Les enjeux autour du climat et de la biodiversité m’obsèdent depuis des années et il est évident que nous n’allons pas vers une amélioration que ce soit sur les sujets climatiques ou de biodiversité. Il y a malgré tout (et heureusement !) de petites lucioles qui me tiennent !
En somme, je fais ce pari de l’action, de l’optimisme et de la résistance.
Je le fais, ne serait-ce pour moi, pour me sentir bien mais aussi pour mon fils pour qu’il se dise plus tard que sa maman a fait tout ce qu’elle a pu et était du bon côté du manche.
De plus, je crois que les démographes se trompent : notre avenir n’est pas d’être concentré dans les villes, en surnombre dans des espaces restreints, mais de mieux se répartir sur le territoire et de renouer avec le vivant et ce, jusque dans nos métiers. Au-delà du télétravail, je crois au retour à un travail plus proche de la nature, plus manuel, restant très intellectuel : les mains sont l’extension du cerveau.
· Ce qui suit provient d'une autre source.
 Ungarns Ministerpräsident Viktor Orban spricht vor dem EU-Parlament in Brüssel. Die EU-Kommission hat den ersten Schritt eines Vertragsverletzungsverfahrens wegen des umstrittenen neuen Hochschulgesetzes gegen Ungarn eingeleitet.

C’est mon désir profond que nous soyons plus en phase avec les enjeux de notre siècle et donc plus en lien avec ce qui nous permet d’exister. Nous avons franchi les dernières limites de la domination de la nature et si notre intelligence est vraiment celle que l’on se prête, nous sommes disposés à des changements forts.
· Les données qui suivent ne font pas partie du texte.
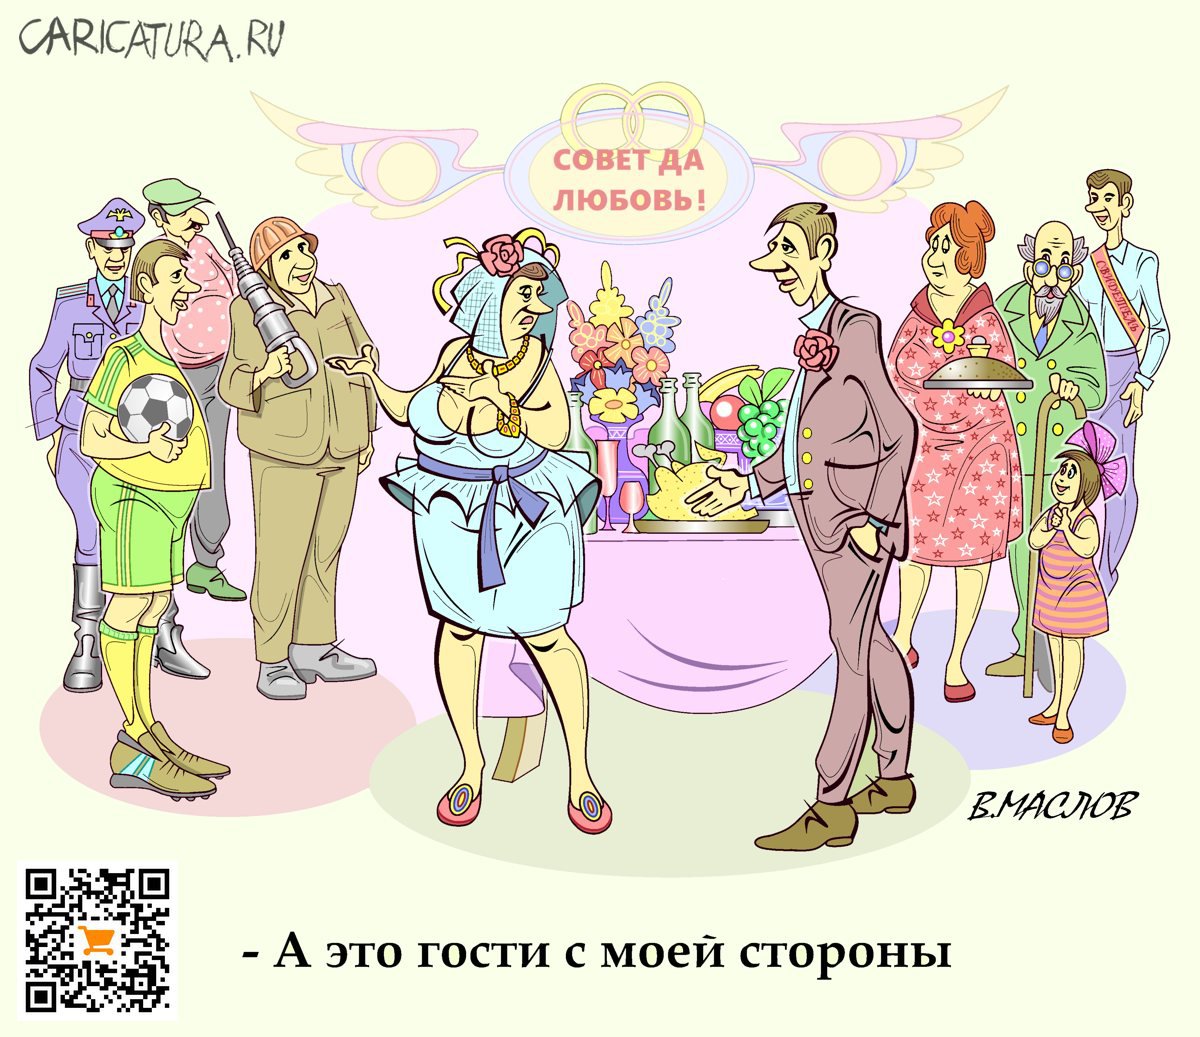 Карикатура "Ах, эта свадьба, свадьба...", Виталий Маслов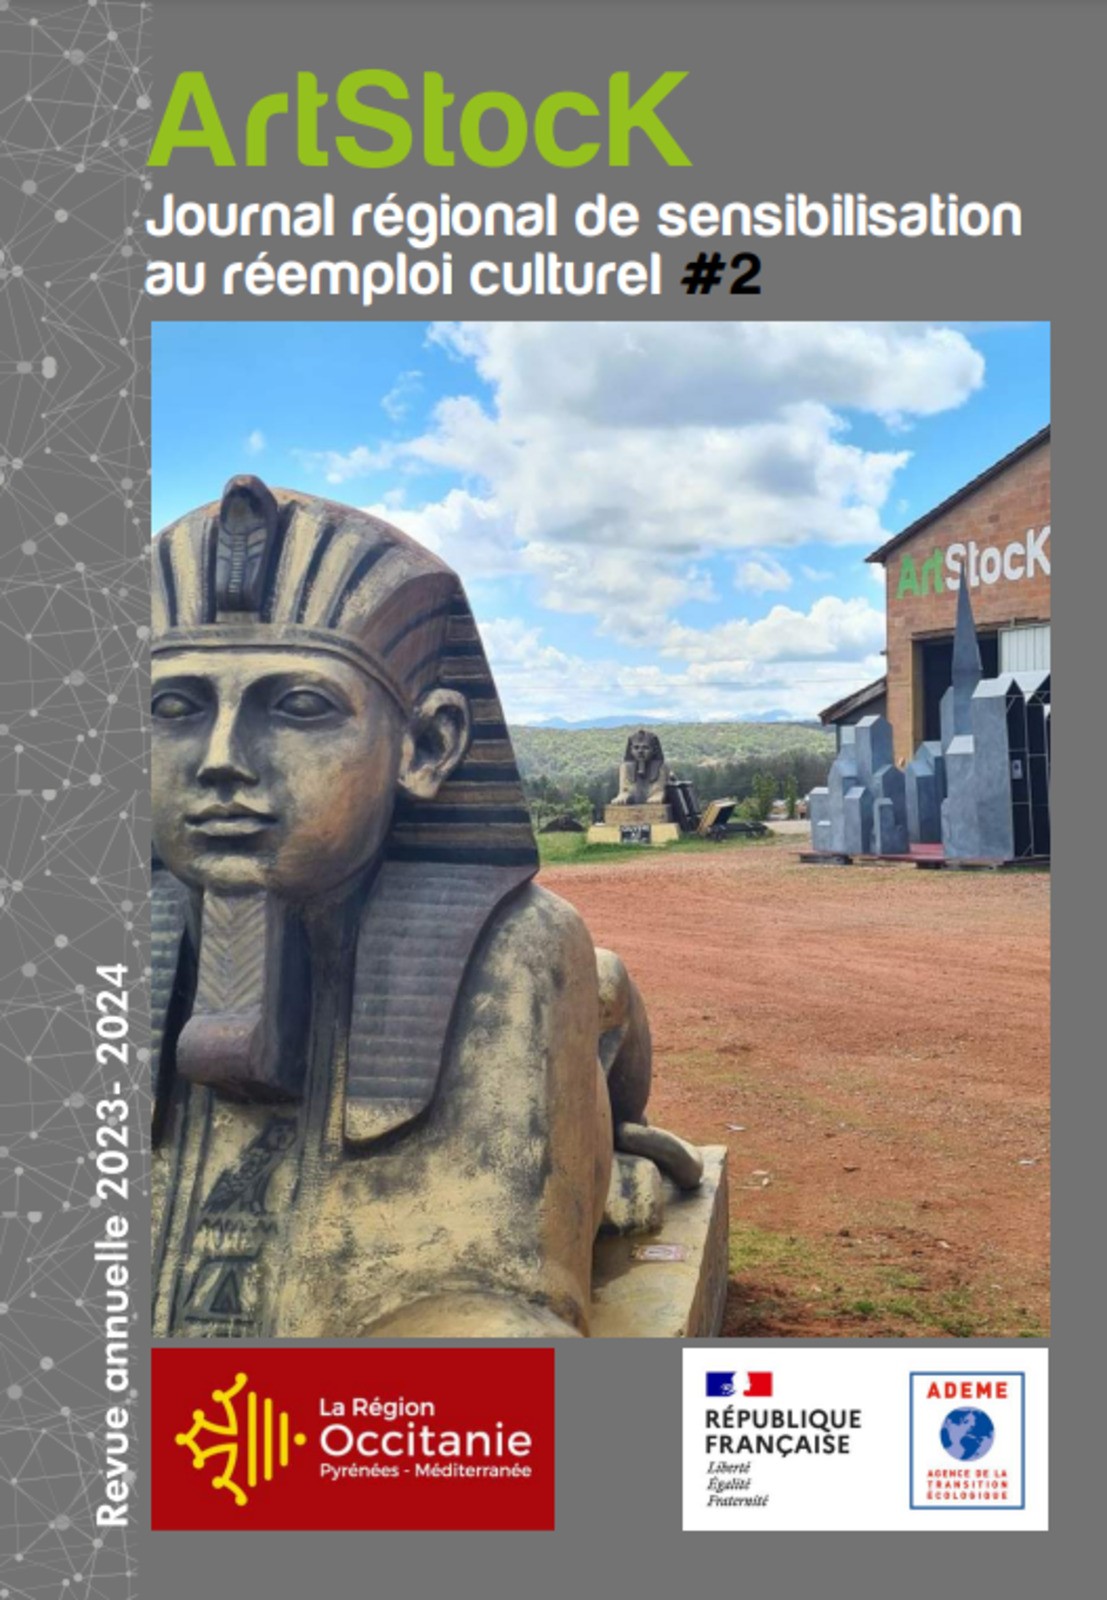 Le Journal régional de sensibilisation au réemploi culturel #2 d'ArtStock vient de sortir !

Et ces changements ne s’apparentent pas à du renoncement et de l’appauvrissement, c’est tout le contraire : c’est du mieux vivre, du bien-être retrouvé et une meilleure santé.
J’espère que ces émissions que j’incarne, à la fois sur TF1 et sur Ushuaïa TV, inspirent et donnent envie de se mettre en mouvement. Mon ONG Landestini est aussi un outil d’action extrêmement concret. Nous travaillons avec les scolaires : nous implantons des potagers dans toutes les écoles de France à travers un concours qui s’appelle « La coupe de France du potager ». Nous installons aussi des incubateurs en France pour aider des porteurs de projets à créer des emplois qui régénèrent le vivant tout en créant de la valeur économique. Le Climate Bootcamp est également un outil qui permet de former des journalistes à la science du climat.
Tout cela montre qu’à tous les niveaux on peut faire bouger les choses : cette boîte à outils que j’utilise me motive chaque jour. Ce qui me plaît, c’est qu’il n’y a pas de frontière entre ma vie privée et mon travail, qui sont alignés.